I can't really, as it's outside my area of the code. I'm focused pretty much entirely on the "playing a game of MTG" side of things. I do know that getting that system working again is a priority for us. #wotc_staff

Comment

Originally posted by Crystal__

Now I have the irresistible urge to test the behavior of [[Toralf's Hammer]] pre-bug. Does it deal 3 damage for each permanent you control? Only for each equipment you control? Only for each attached equipment? Only 3 damage regardless? Would it magically unatttach all other equipped equipment you control? Would MTGA collapse trying to unnattach permanents without Equip ability? So many questions!

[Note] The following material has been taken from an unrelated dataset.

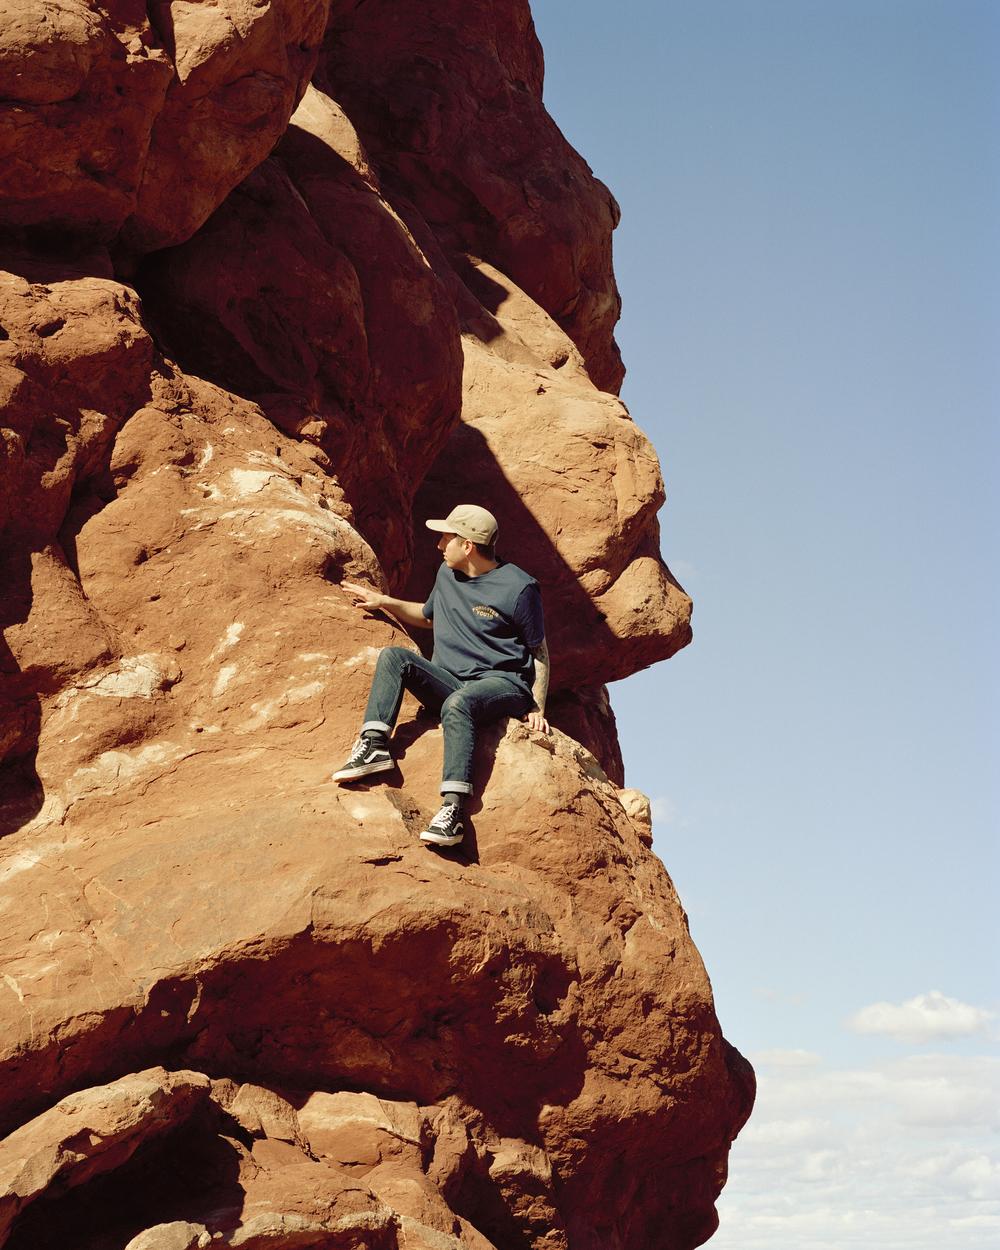 jok on a rock2.jpg

When we made the Gutter Grime change, our test for Toralf's Hammer failed. That led to us actually carving out an exception to the "delete the ability constraint" for "unattach" costs, which led to that test passing again. We really should have taken that as a warning sign that other similar cards may have issues, certainly. But the upshot is Toralf's Hammer never ended up buggy in release. #wotc_staff

Comment

Originally posted by RealisticCommentBot

similar for multiple serra paragons , though it is at least relevant in some way in that case as you can only use it once per turn per serra paragon

That is absolutely intentional. You should also be able to tell which Serra Paragons have been "used up" (and may want to change which you prefer based on the state of the different Paragons). #wotc_staff

Comment

Originally posted by ghalta

Well, we don't want to make a separate action for each Falco you have out - we just have one action for "you're casting a particular card using a Falco ability" - we don't keep track of which ability-on-a-Falco is responsible, as it's irrelevant (and if it were displayed, perhaps misleading to a player!).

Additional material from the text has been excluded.